Data Classification and Grading
Data Class	You can select data classifications through the data classification directory. You can choose all classifications, all classifications under a specified directory, or specified data classifications. All Classifications: Refers to all effective data classifications under the current tenant. All Classifications Under Specified Directory: All effective data classifications under the specified directory and its subdirectories. Specified Data Classification: Filter the current directory and its subdirectories for all effective data classifications based on the parent directory. To add more data classifications, click Add A Group Of Classifications to add multiple directories. Note When the compute engine is StarRocks and the field type is HLL (HyperLoglog), content-based identification is not supported.
Scan Scope
Scan Scope	Identification methods support AND and OR methods. Identification types include Business Unit, Project, and Data Table. Identification conditions support All, Belongs To, Does Not Belong To, Contains, Does Not Contain, Regex (case-insensitive), and Regular Expression. All: Selects the entire scope within the current Dataphin. Belongs To/does Not Belong To: Select multiple specific resources. Contains/does Not Contain: Keyword matching. For example, to match a user information table, enter user_info. Regex (case-insensitive): Enter a regular expression in the input box. For example, if you need to match all names containing test, the regular expression is defined as `.test.`, with case-insensitive processing for scan results. Regular Expression: Enter a regular expression in the input box. For example, if you need to match all names containing test, the regular expression is defined as `.test.`. Note The rules for the scan scope should not exceed 5, and the relationship should not exceed 2 layers. The selection of data sections and projects should not exceed 100 objects.

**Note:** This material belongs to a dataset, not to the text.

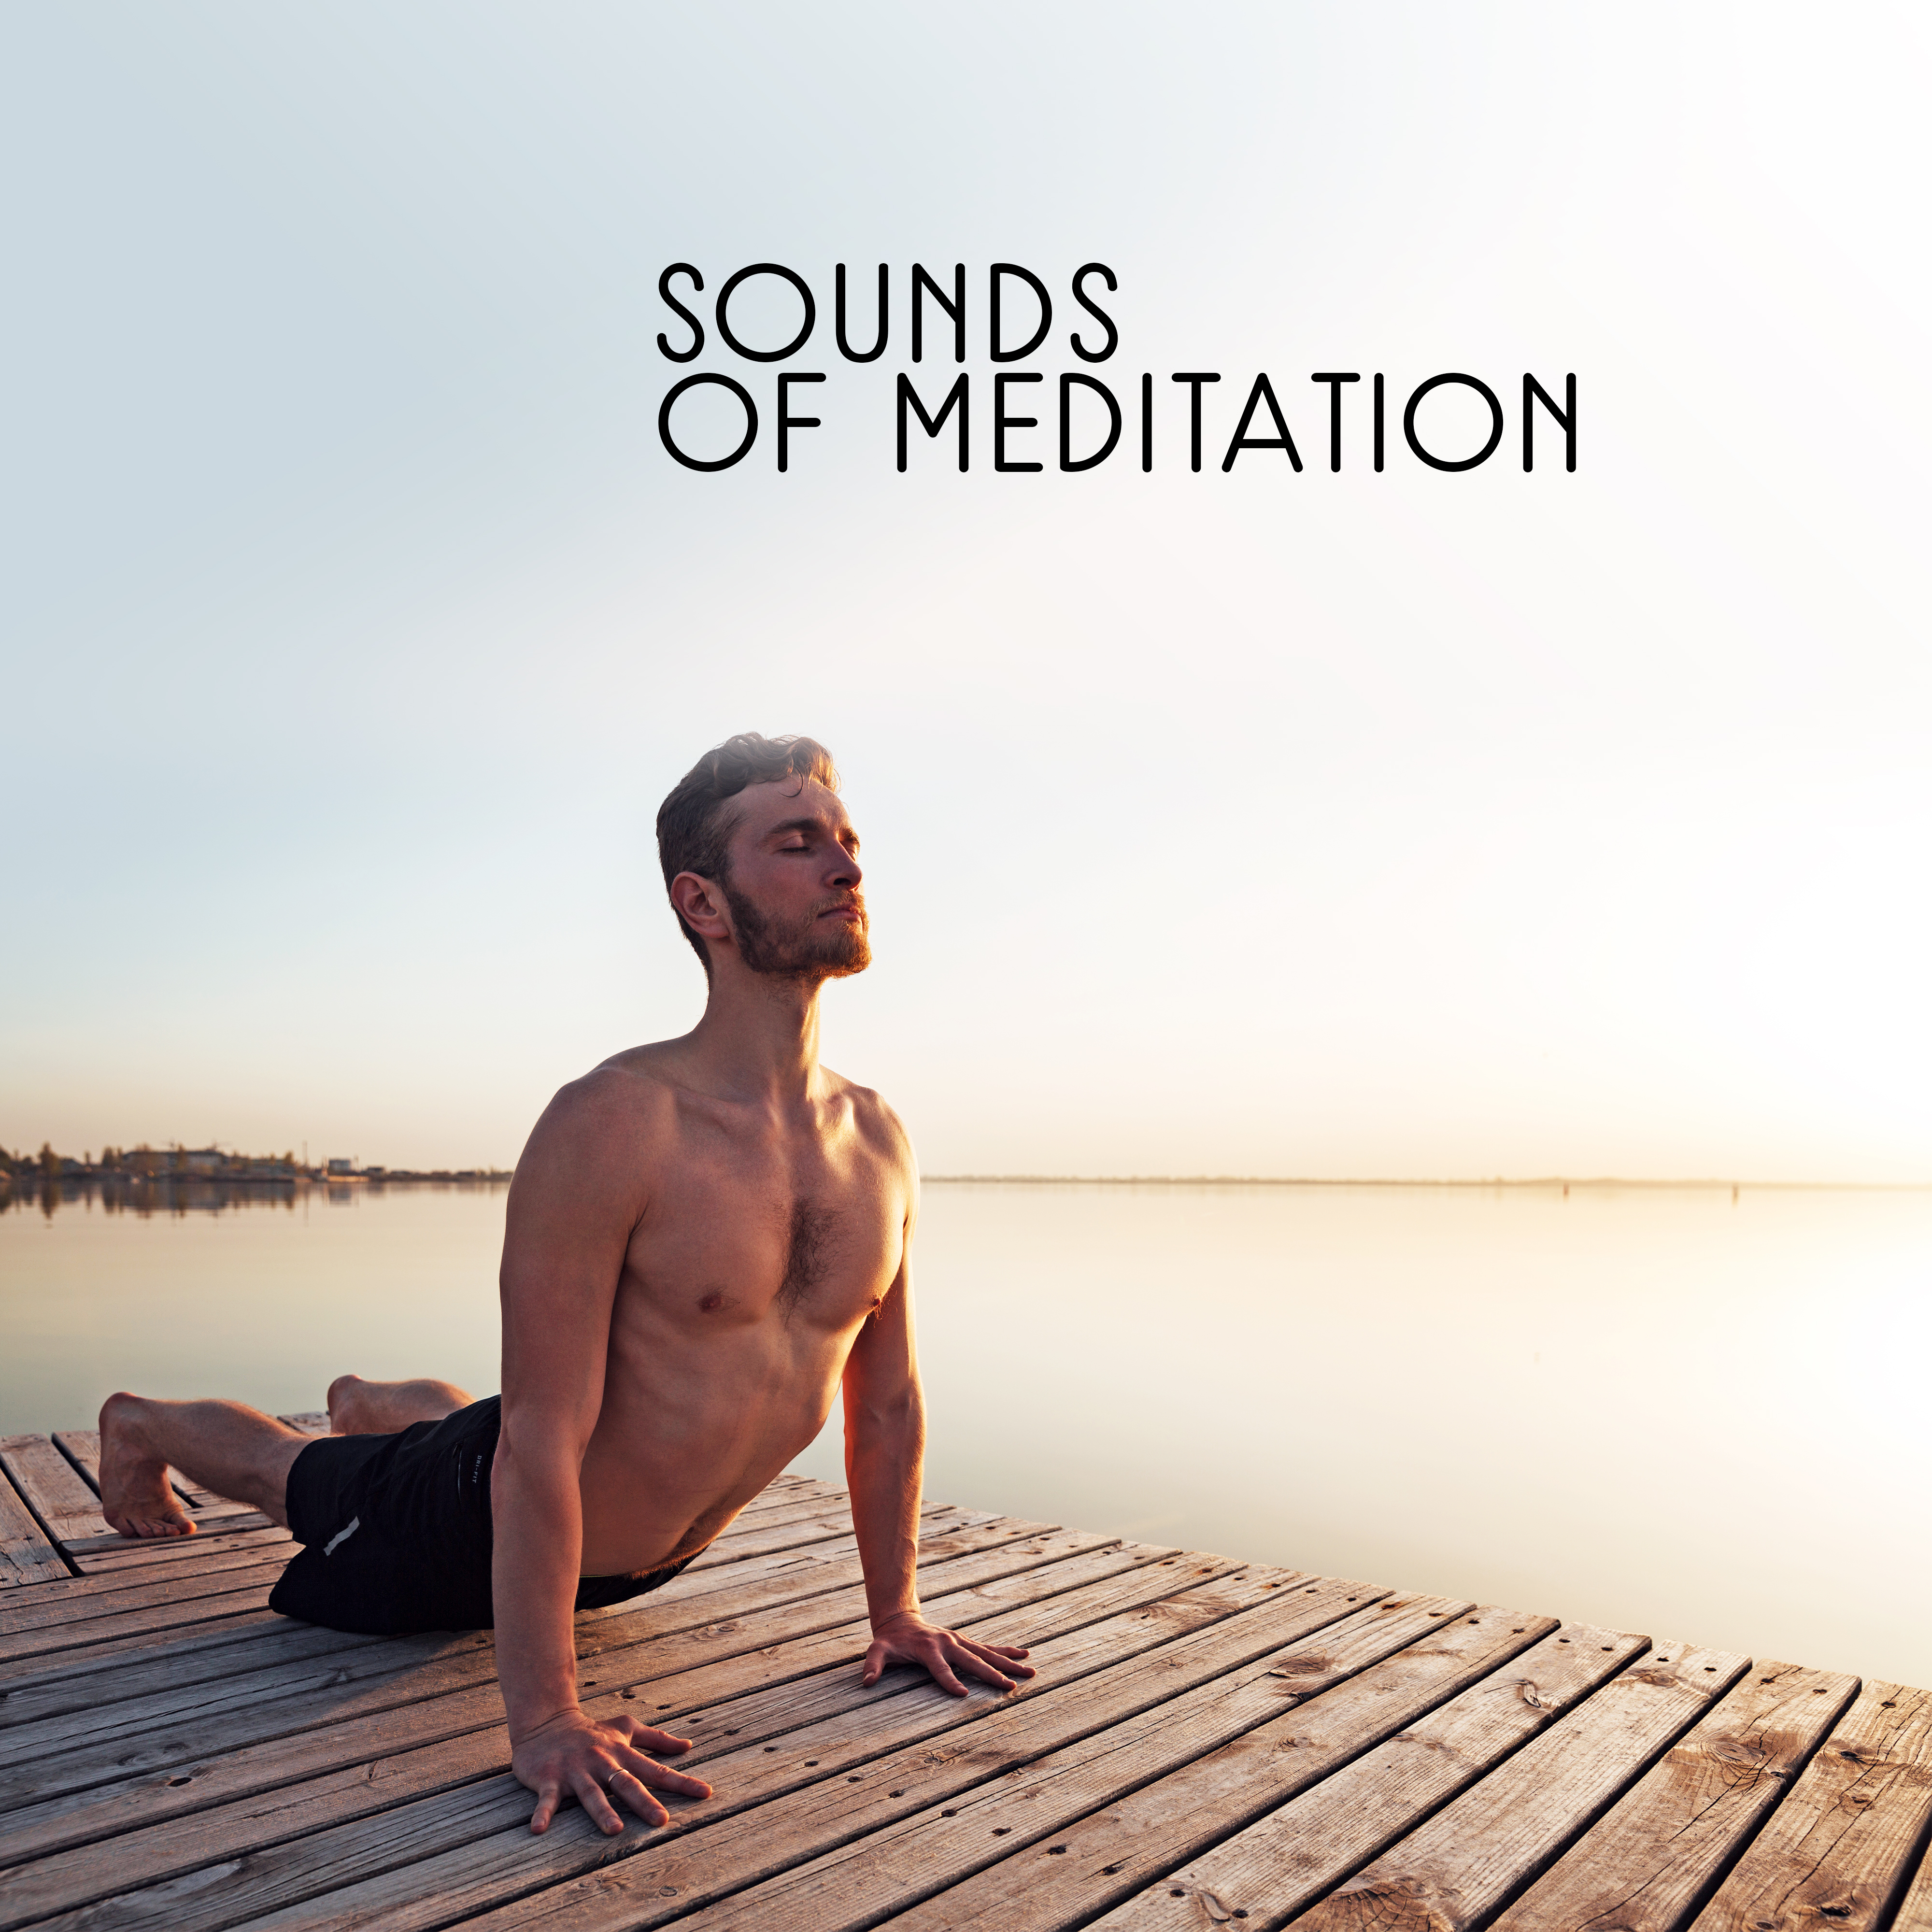 Sounds of Meditation  Buddhism Meditation Music, Zen, Yoga, Deep Bliss, Relaxation, Calm of Mind

Click OK to complete the creation of the identification rule.
After the identification rule is created, it appears in the identification rule list with the effective status enabled by default. The data will be automatically scanned according to the timed scheduling set in the rule execution configuration starting the next day.

Identification rule list

The identification rule list displays the name, data classification, owner, update time, and the rule's effective status. You can click the Description button to view the introduction and description of identification rules, data sampling, identification results, and identification management.
You can perform a quick search based on the identification rule name keyword or filter accurately based on data classification, owner, or by selecting 'only view mine'.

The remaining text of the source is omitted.